You might think that his default strategy leaves room for
optimization and you are right. It would be a lot smarter if multiple
software packages, all with their individual message catalogs, could be
installed on one system, and it should also be possible that third-party
components of your software (like Perl modules) can load their message
catalogs, too, without interfering with yours.
The solution is clear, you have to assign a unique name to your
message database, and you have to specify that name at run-time. That unique
name is the so-called textdomain of your software package. The name
is actually arbitrary but you should follow these best-practice guidelines
to ensure maximum interoperability:
- File System Safety
- In practice, textdomains get mapped into file names, and you should
therefore make sure that the textdomain you choose is a valid filename on
every system that will run your software.
- Case-sensitivity
- Textdomains are always case-sensitive (i. e. 'Package' and 'PACKAGE' are
not the same). However, since the message catalogs will be stored on file
systems, that may or may not distinguish case when looking up file names,
you should avoid potential conflicts here.

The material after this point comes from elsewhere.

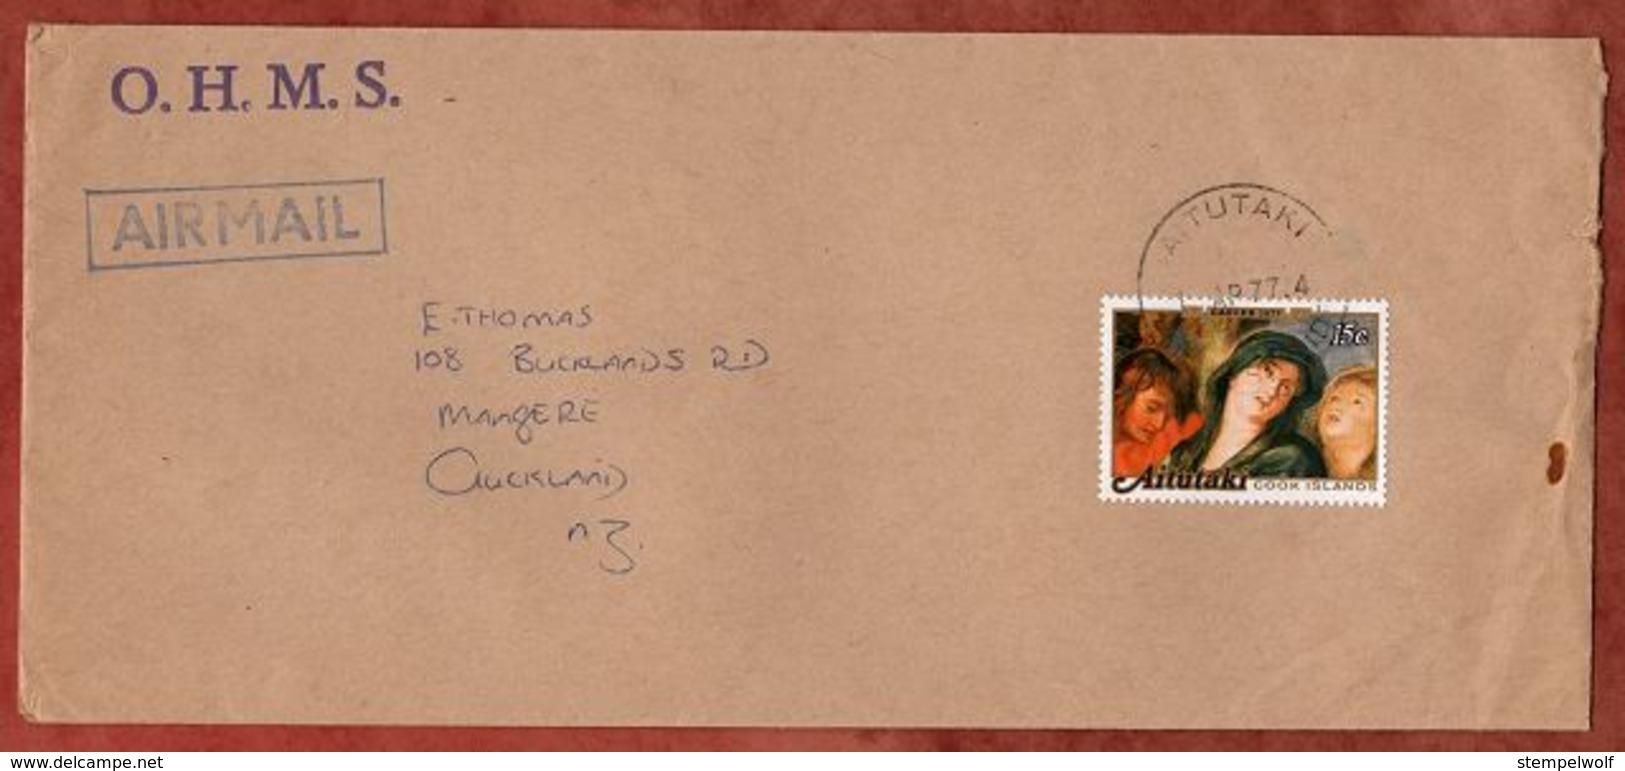 Luftpost, Ostern Rubens, Aitutaki Cook Islands Nach Auckland 1977 (71882) - Aitutaki
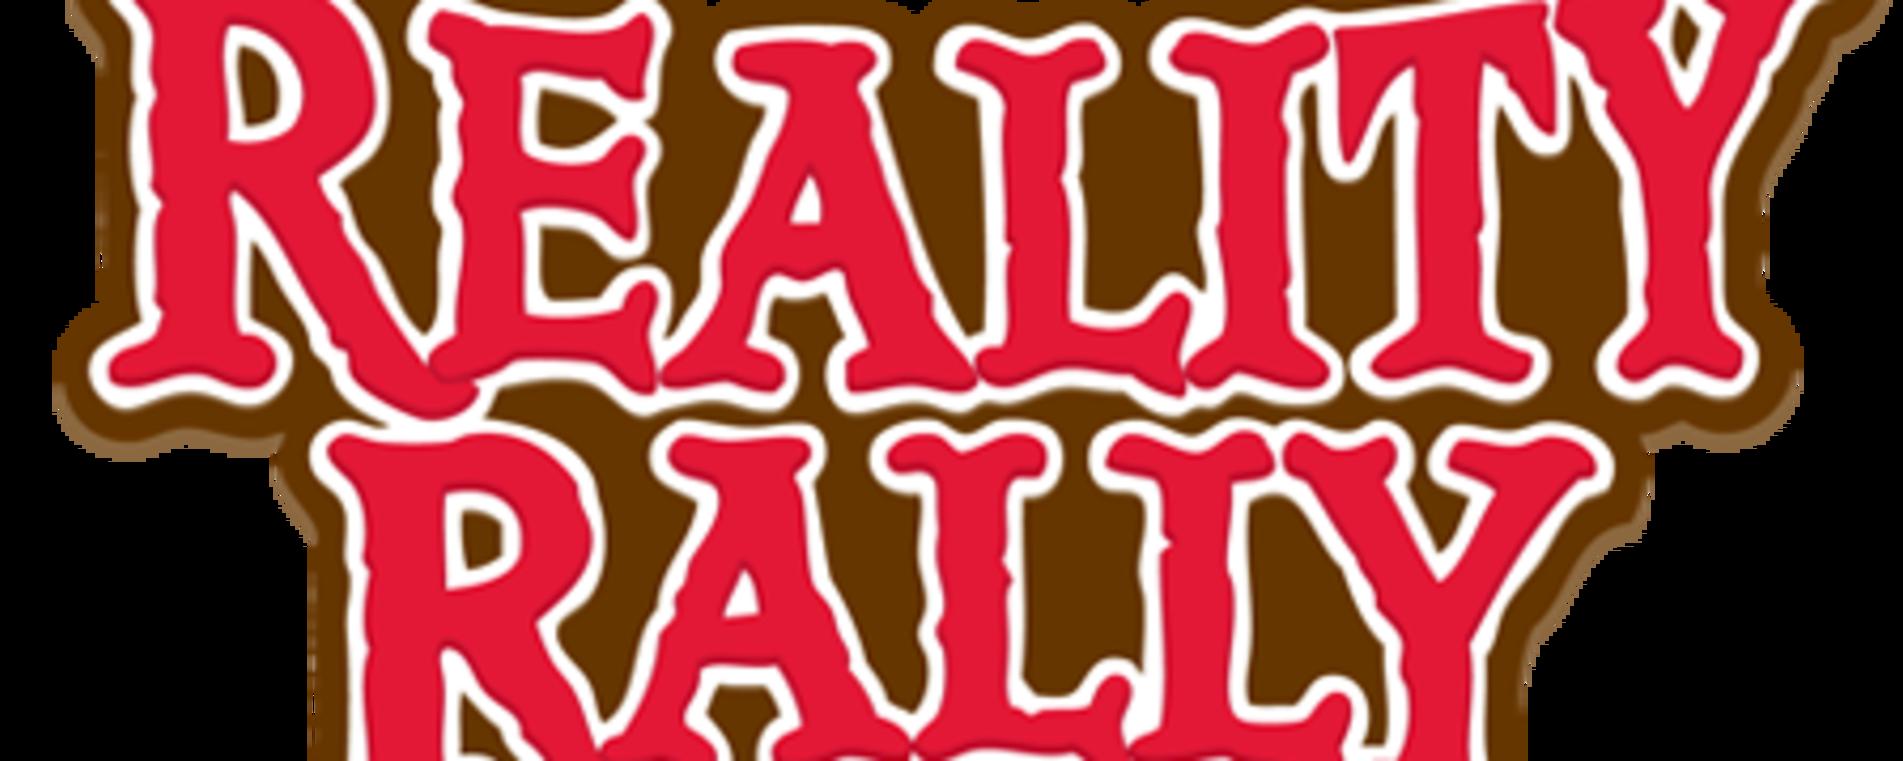 Reality Rally - Temecula

- Textdomain Should Match CPAN Name
- If your software is listed as a module on CPAN, you should simply choose
the name on CPAN as your textdomain. The textdomain for libintl-perl is
hence 'libintl-perl'. But please replace all periods ('.') in your package
name with an underscore because ...
- Internet Domain Names as a Fallback
- ... if your software is not a module listed on CPAN, as a last
resort you should use the Java(tm) package scheme, i. e. choose an
internet domain that you are owner of (or ask the owner of an internet
domain) and concatenate your preferred textdomain with the reversed
internet domain. Example: Your company runs the web-site 'www.foobar.org'
and is the owner of the domain 'foobar.org'. The textdomain for your
company's software 'barfoos' should hence be 'org.foobar.barfoos'.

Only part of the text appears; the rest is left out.